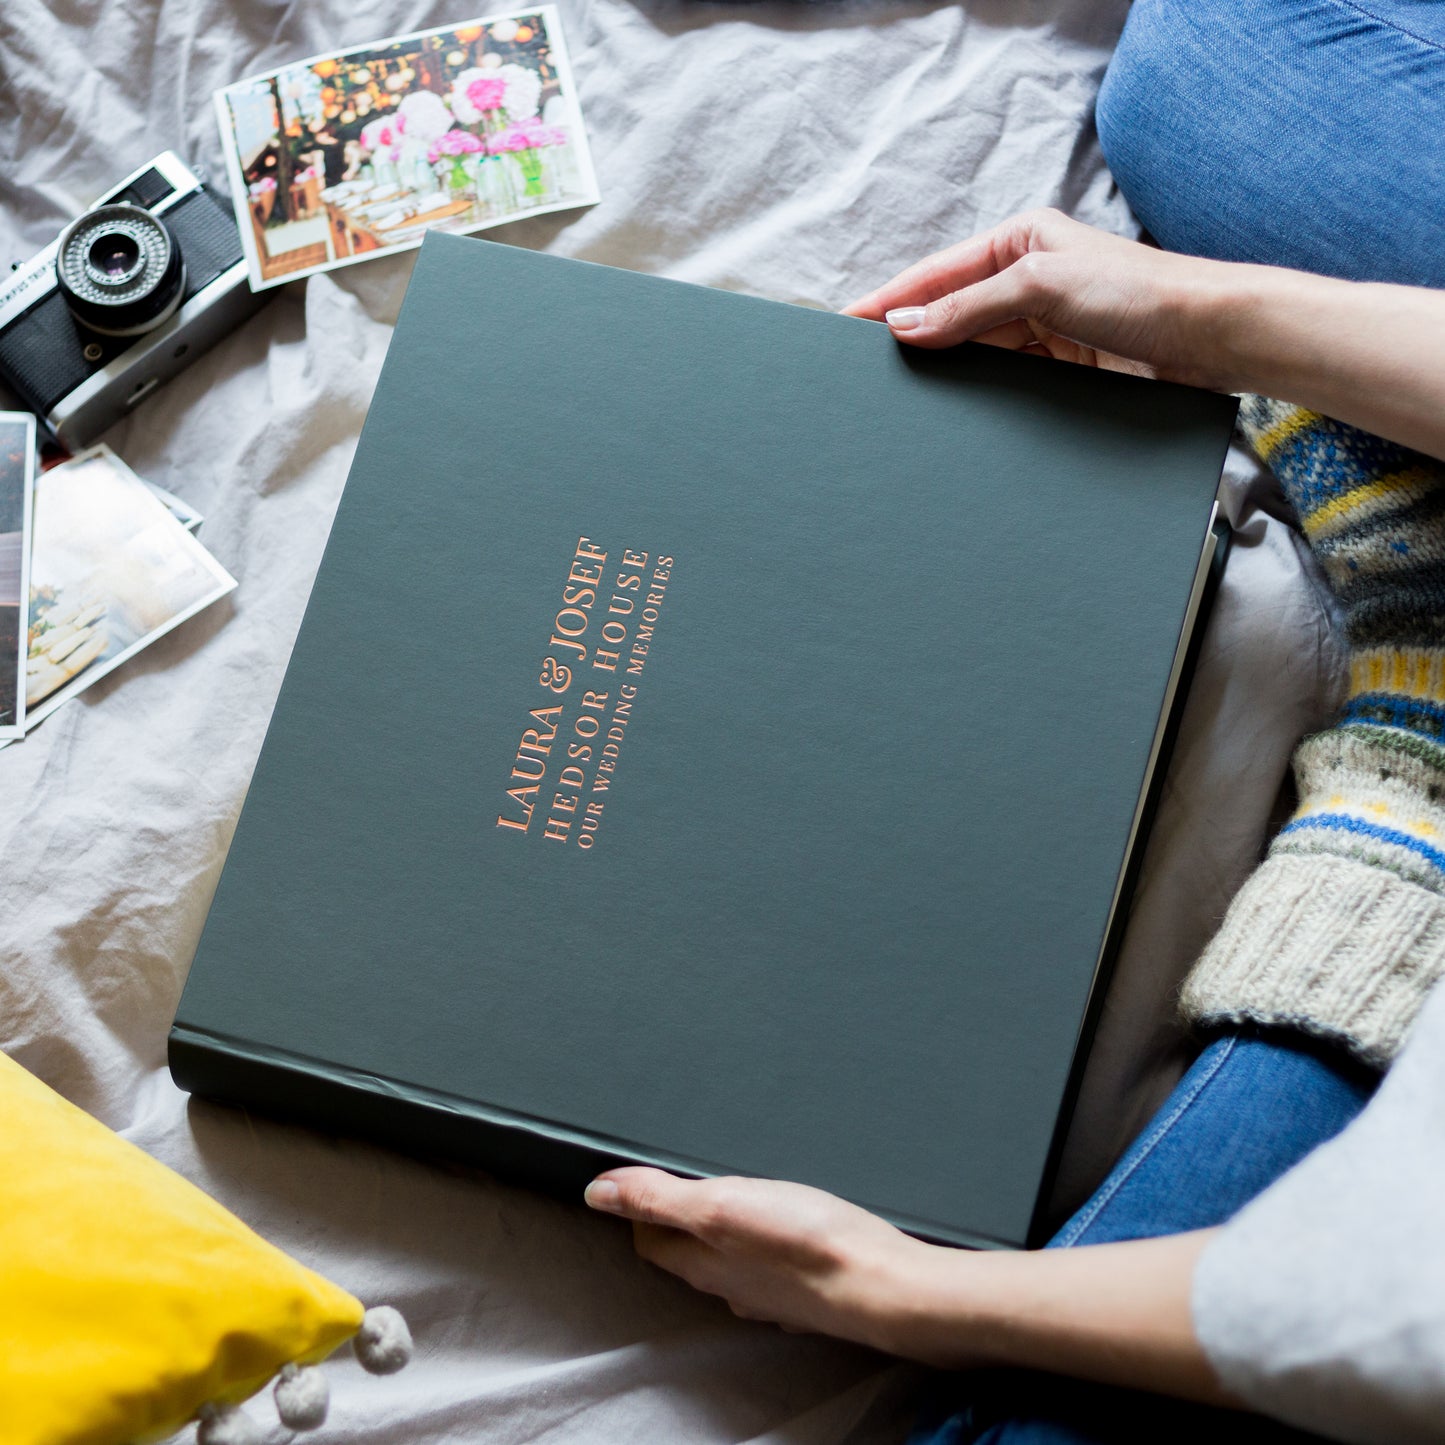 someone is sitting on a bed holding a large black wedding photo album . The wedding photo album has been printed on the front with a bride and groom's wedding details in a copper foil. There is also a camera and a set of photographs on the bed 
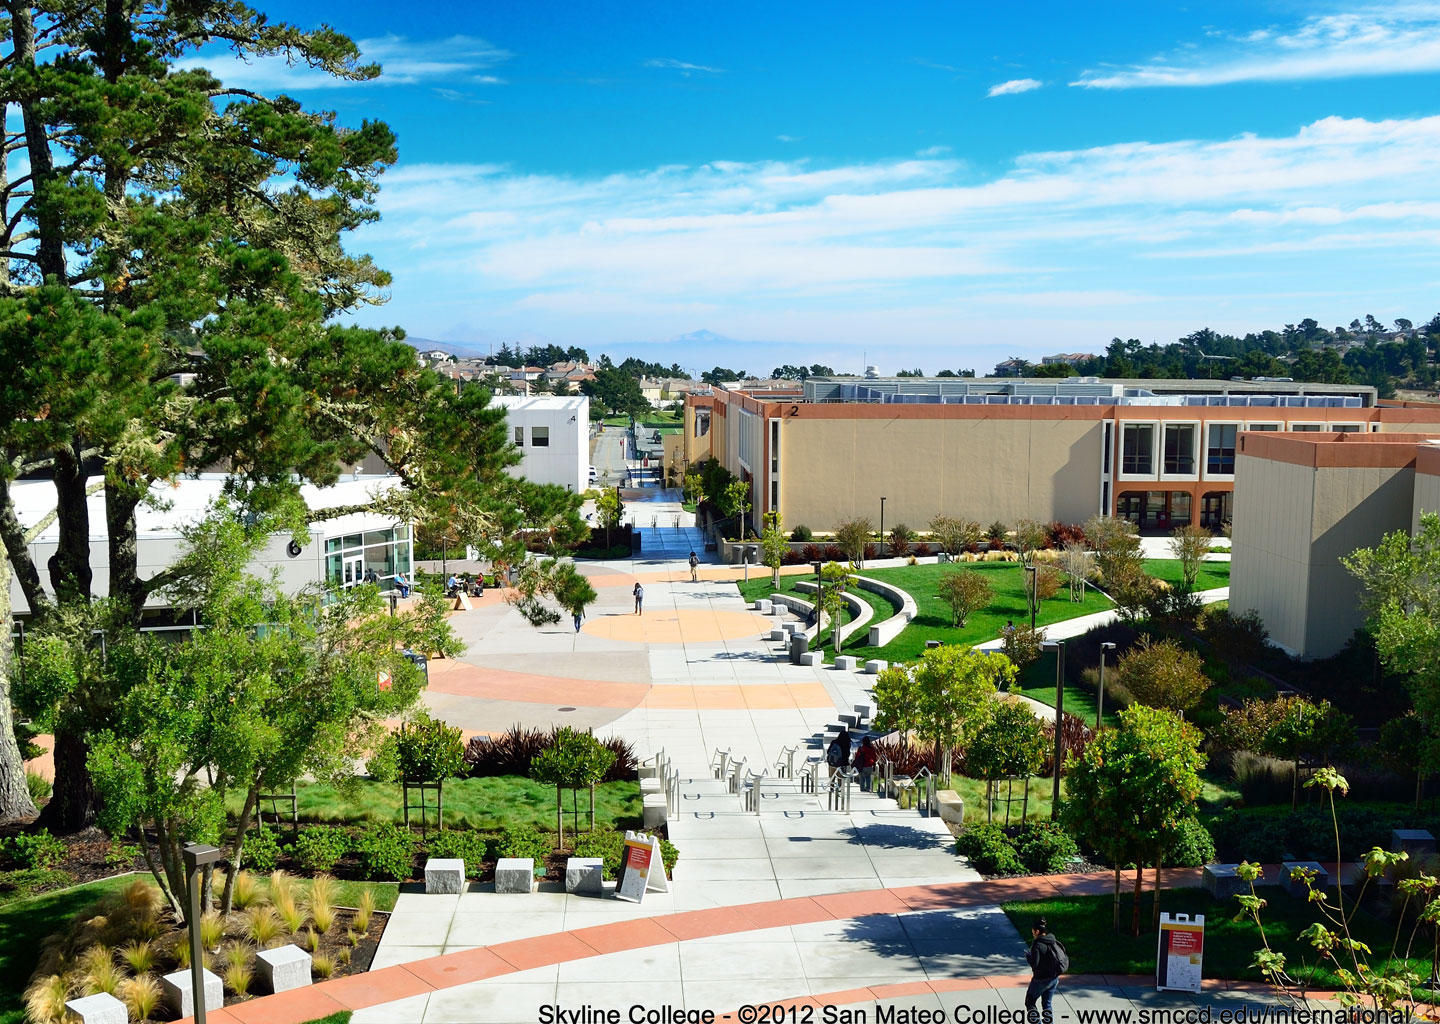 199 Courses Available At San Mateo Colleges Of Silicon Valley In United States The Ranking اي دي بي السعودية
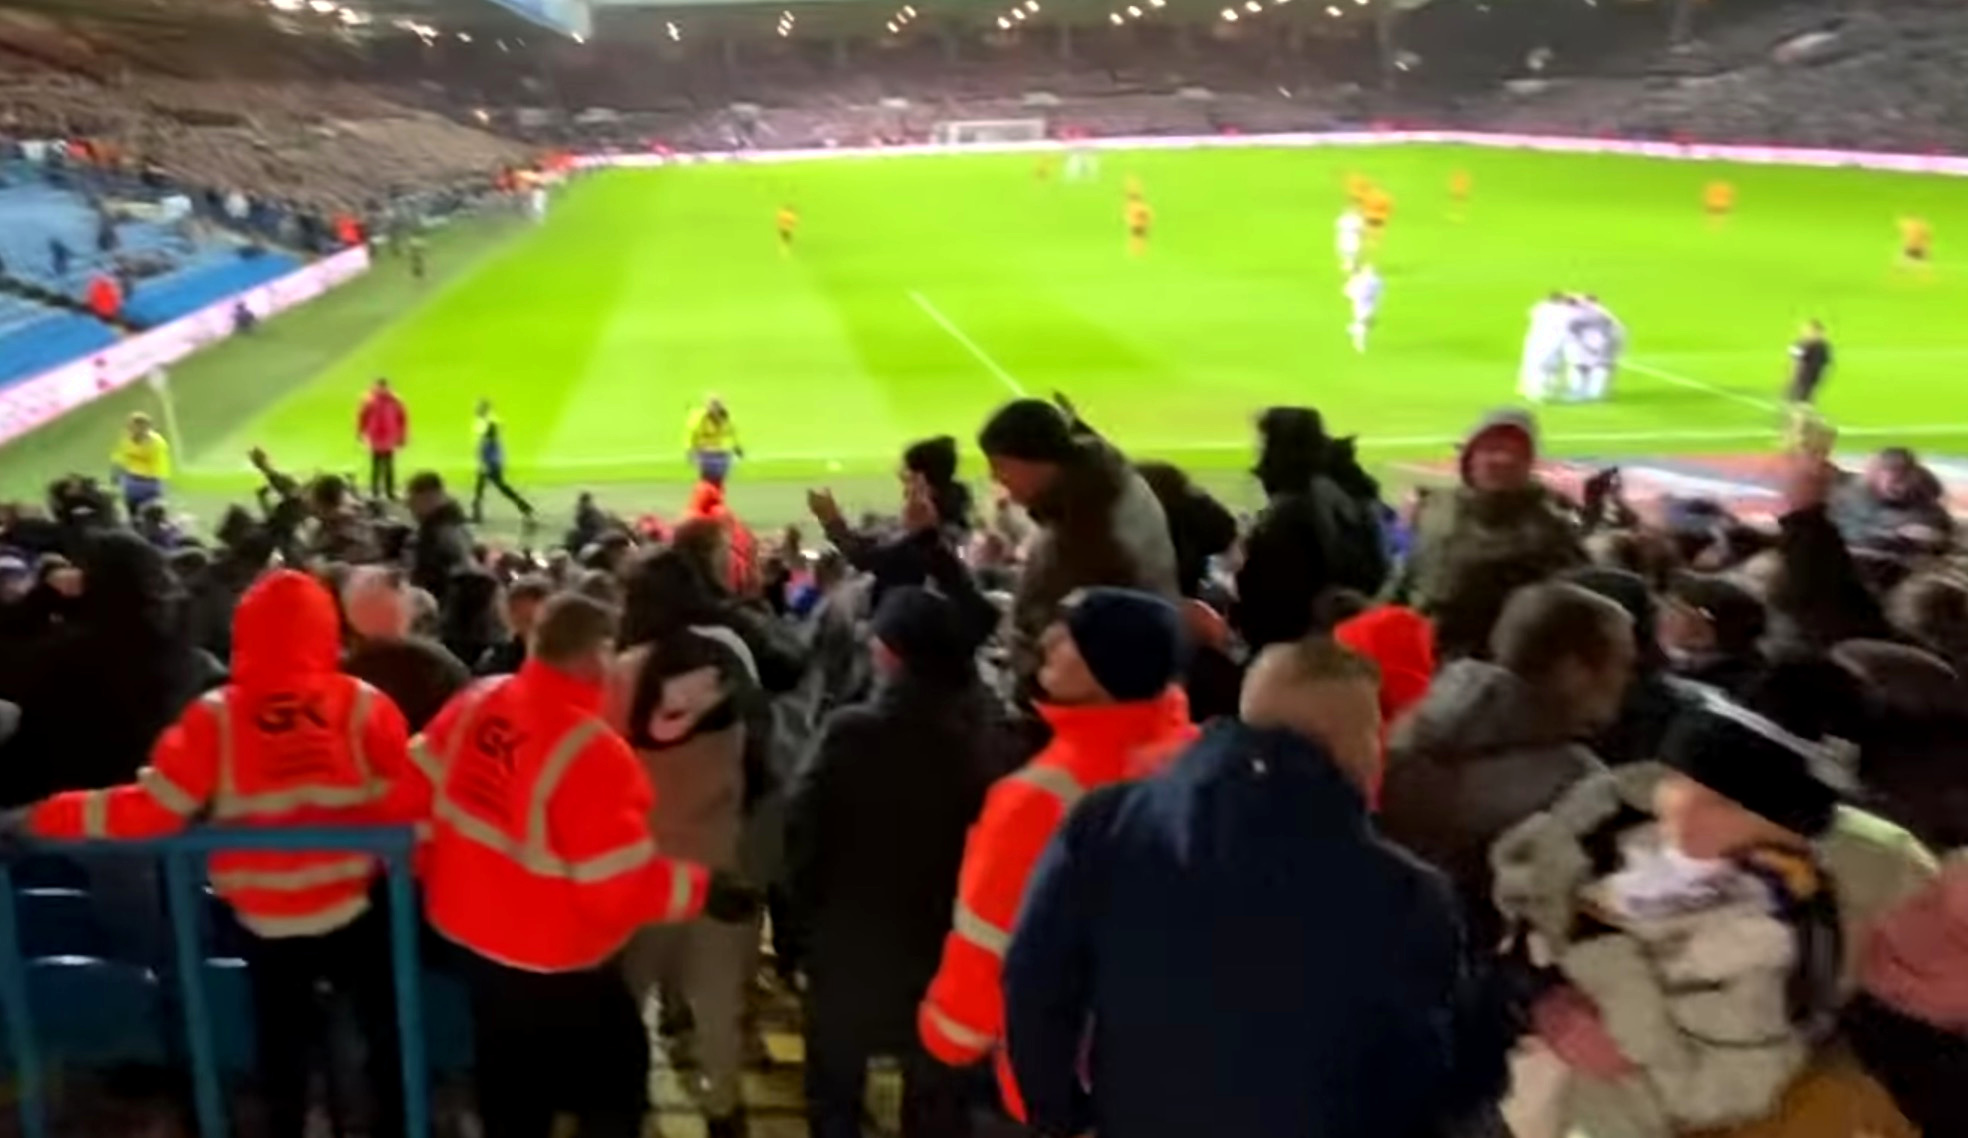 Leeds United  fans caught on cam taking the utter piss out of Hull City’s infamous “mauled by the Tigers” chant
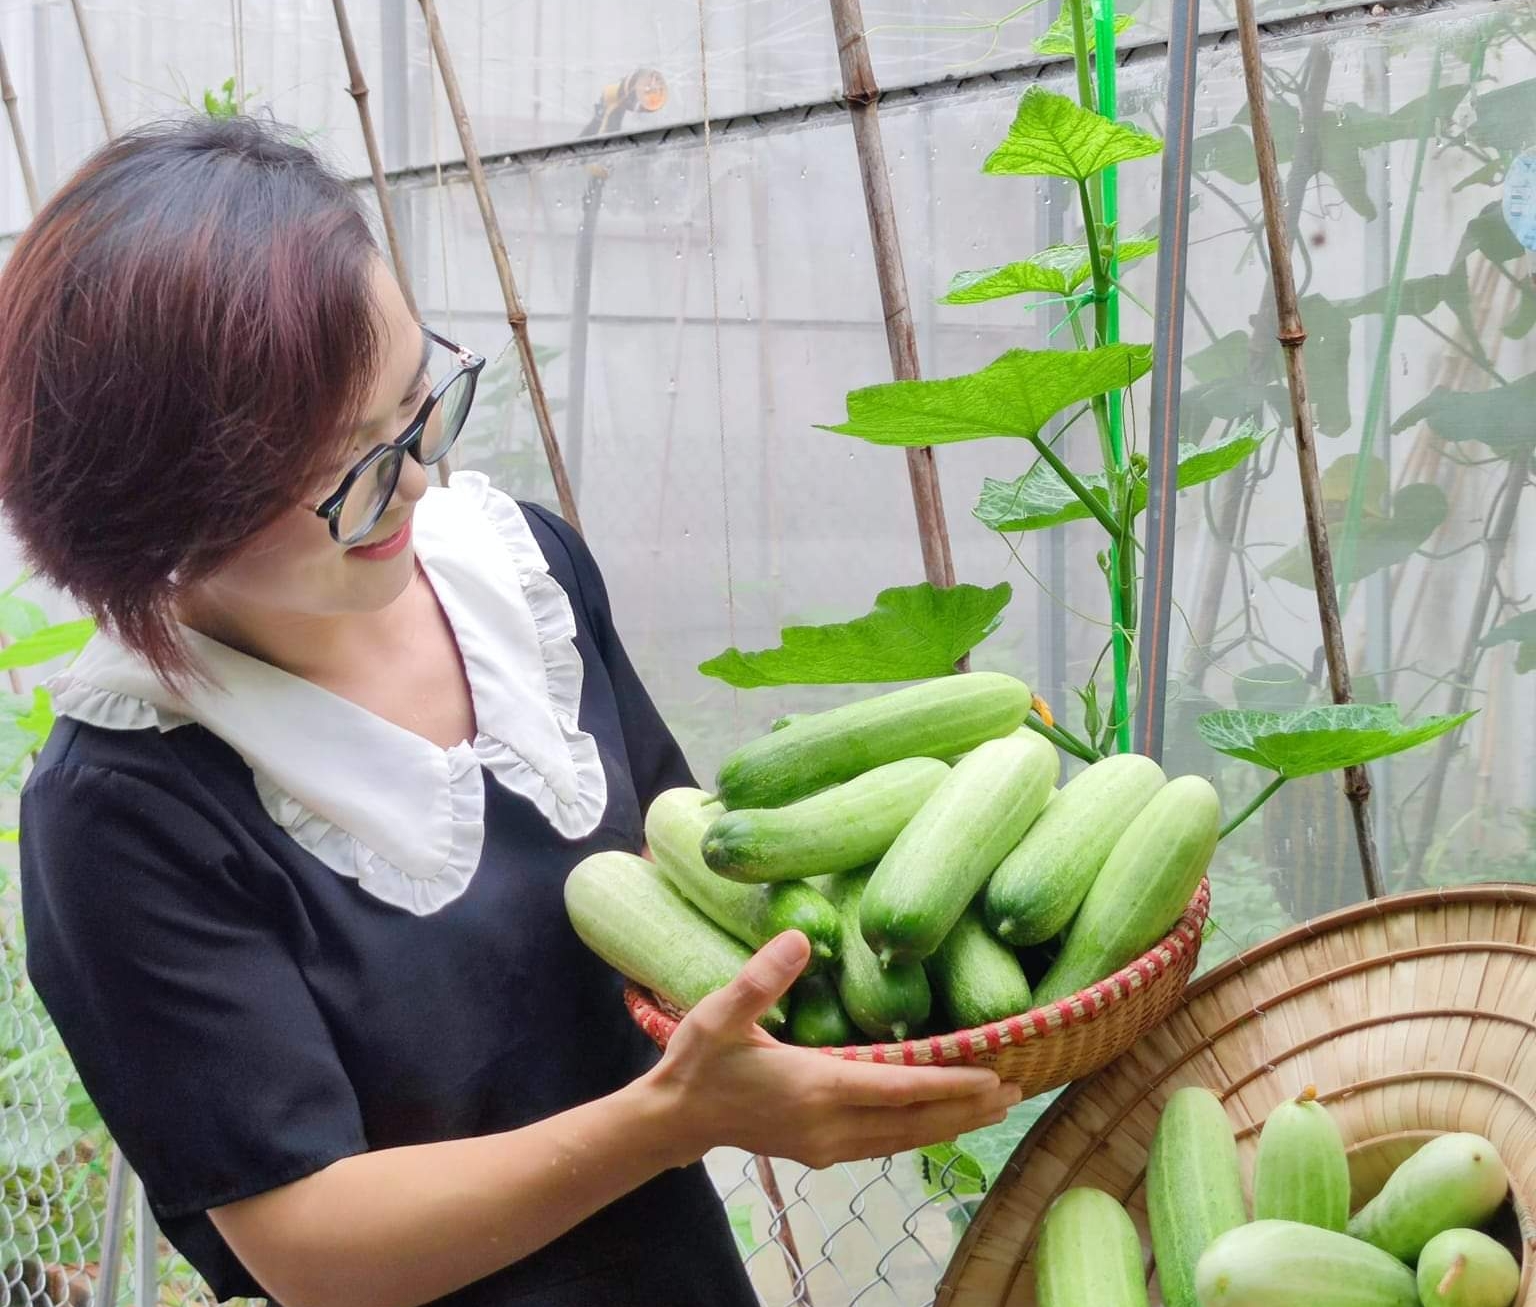 The organic cucumber garden of Ms. Vu Thi Thom's family. Photo: Dinh Muoi.

########

**ASSIGNED TASK**
Pictures are to be excluded; all other material must be transcribed exactly.

**RESPONSE TO THE EXERCISE**
 someone is sitting on a bed holding a large black wedding photo album . The wedding photo album has been printed on the front with a bride and groom's wedding details in a copper foil. There is also a camera and a set of photographs on the bed 
 199 Courses Available At San Mateo Colleges Of Silicon Valley In United States The Ranking اي دي بي السعودية
 Leeds United  fans caught on cam taking the utter piss out of Hull City’s infamous “mauled by the Tigers” chant
 The organic cucumber garden of Ms. Vu Thi Thom's family. Photo: Dinh Muoi.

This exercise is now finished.